Dans une poule extrêmement ouverte, les Brave Blossoms savent que le moindre faux pas est interdit car il risque de coûter très cher. Pour le match d’ouverture, les hommes de Joseph ne subissent pas la pression et parviennent à se défaire aisément de la Russie en match d’ouverture, grâce notamment à un triplé de l’ailier Kotaro Matsushima, meilleur marqueur d’essai de ce mondial avec cinq essais inscrits.
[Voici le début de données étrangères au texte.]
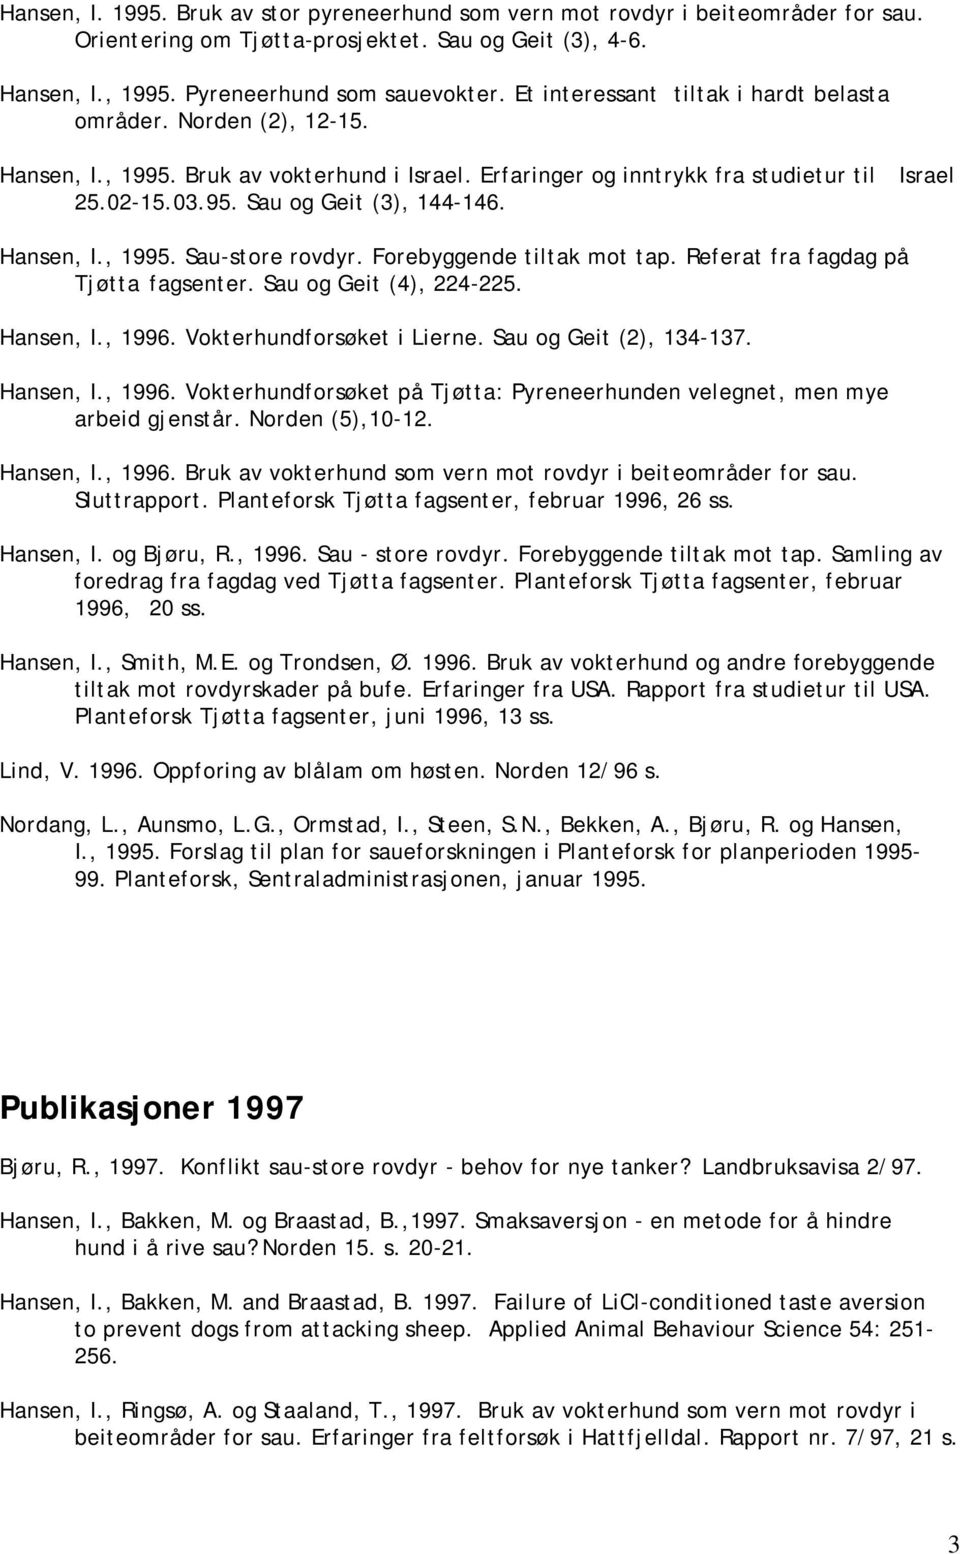 Hansen, I., 1995. Sau-store rovdyr. Forebyggende tiltak mot tap. Referat fra fagdag på Tjøtta fagsenter. Sau og Geit (4), 224-225. Hansen, I., 1996. Vokterhundforsøket i Lierne.

Le deuxième match les opposent à un des favoris de la compétition : l’équipe d’Irlande, toujours difficile à jouer. Nous assistons à une vraie opposition de style entre le jeu frontal des irlandais et celui fait de dynamisme des japonais. Et c’est à la surprise générale que les outsiders nippons vont l’emporter en ayant renversé les irlandais 19 à 12.
La victoire avec bonus offensif (au moins 4 essais inscrits) contre les Samoa permet aux hommes du capitaine Michael Leitch d’être premiers de leur groupe à la veille du match capital contre les écossais.
Le contexte autour du match va rendre ce dernier atypique. Nous sommes au coeur du typhon Hagibis, l’un des plus puissants de ces cinquante dernières années. L’annulation du match qui entrainerait une qualification des japonais et un retour à la maison pour les écossais est grandement envisageable.
La semaine entourant le match est très mouvementée, l’Ecosse faisant pression pour que ce match se joue. Et il se jouera finalement bel et bien, et à la date prévue. La rencontre est d’une intensité incroyable et voit les japonais prendre les devants à la pause avec quatorze points d’avance et un jeu toujours aussi enthousiasmant.
Mais l’Ecosse réagit et revient à sept points du Japon. Grace à un courage incroyable, les nippons vont endiguer les offensives adverses et préserver leur avantage jusqu’au bout. L’émotion est immense : le Japon a réussi sa mission d’atteindre les quarts, en restant invaincu de surcroît. La performance est tout simplement historique.
Le rugby japonais: Un paradoxe
Cependant cette ascension fulgurante est le fruit d’un paradoxe assez singulier. En effet le rugby japonais est loin d’être un rugby parfaitement structuré et organisé. La professionnalisation de ce sport n’est pour l’instant qu’au stade de projet, soit celui de la création d’une Top League pour 2021, un championnat japonais de douze clubs situés dans les douze villes hôtes de cette coupe du monde. Aujourd’hui un championnat japonais de seize équipes existe déjà, suite à une réforme datant de 2003.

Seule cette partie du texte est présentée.